Minutes later the 911 dispatch center received a call from a farmer who reported possibly seeing an airplane crash into his field. Emergency crews responded to the scene to find the airplane had gone straight down into the ground – propelling the front of the aircraft several feet into the soft, wet soil. Both husband and wife were dead.

Investigators later theorized the pilot lost sight of the ground because of the fog and became disoriented. Instead of trusting his gauges, he went with what he thought was correct. As an instructor he certainly knew better.

You can’t predict and plan for every scenario that might happen in an emergency, but not planning for those we can predict is a recipe for disaster. Yet, that’s exactly what those of us in emergency operations often do. And, we make all sorts of excuses for our failure. Here’s a few.

“Emergencies are too varied to predict, you have to just go with your gut feeling.” “Written policies and procedures don’t put out fires, firefighters put out fires.” Or maybe you’ve heard this one. “We don’t need policies; we just need to practice “simple common sense.”

To that last quote I would say; “It’s not that simple and it’s not that common.”

So, what’s my suggestion?

I would suggest that you break down your operations into as many categories and subcategories you can think of. Then, schedule regular brainstorming sessions with your people to address each of these areas.
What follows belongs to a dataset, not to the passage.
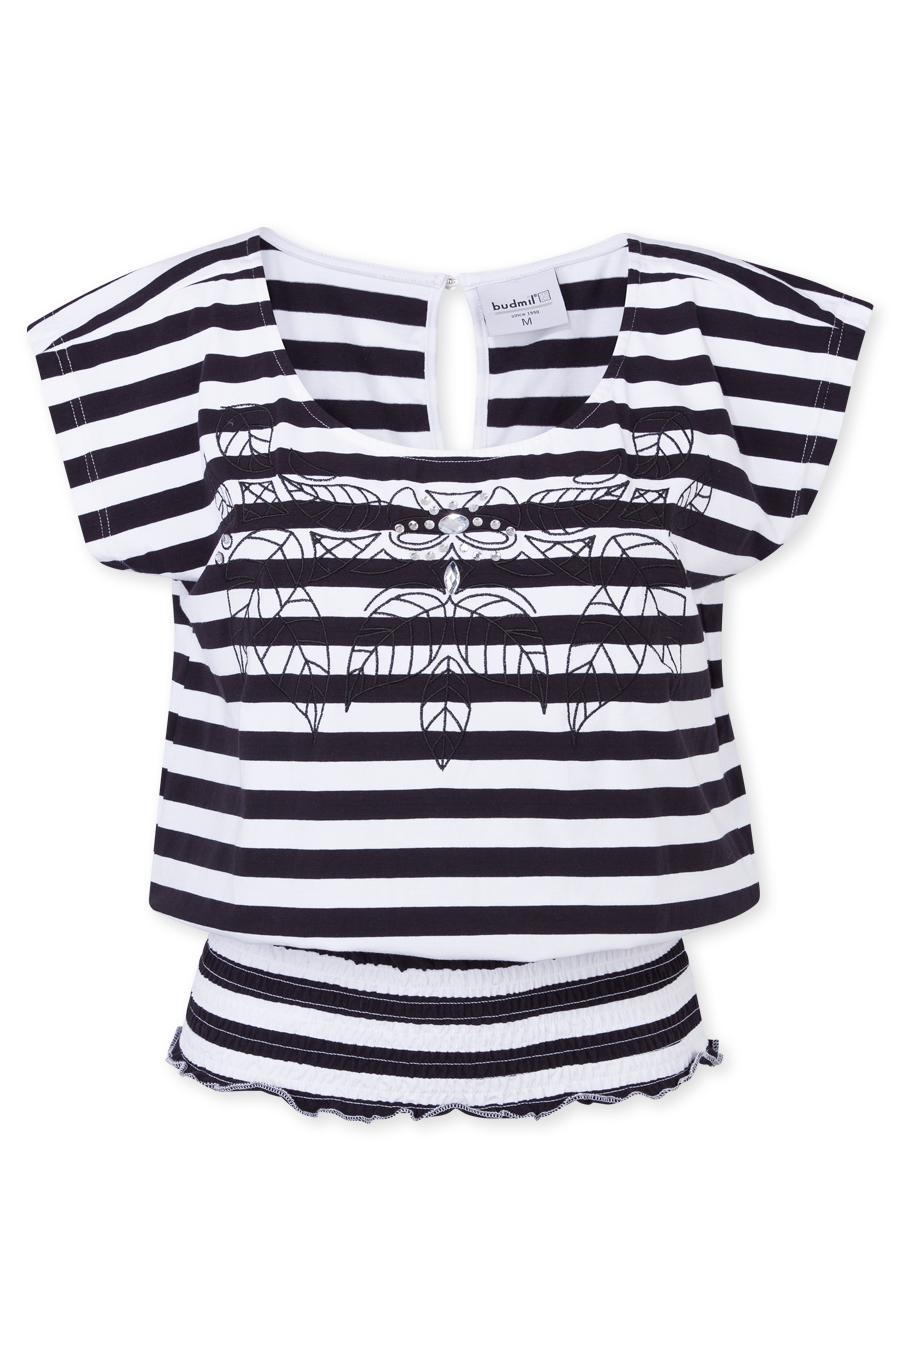 Póló fekete - fehér - csíkos Hétköznapi Viselet Póló   budmil

Define some clear, best practice, simple steps to each of these categories and subcategories. Pick your best writer and have her put the ideas down on paper. Those that are already written will only need tweaked. Once you’ve been through all the categories and subcategories, start over again. These brainstorming sessions should never stop.

Then – practice, practice, practice using them.

And, when the emergency comes – trust your gauges.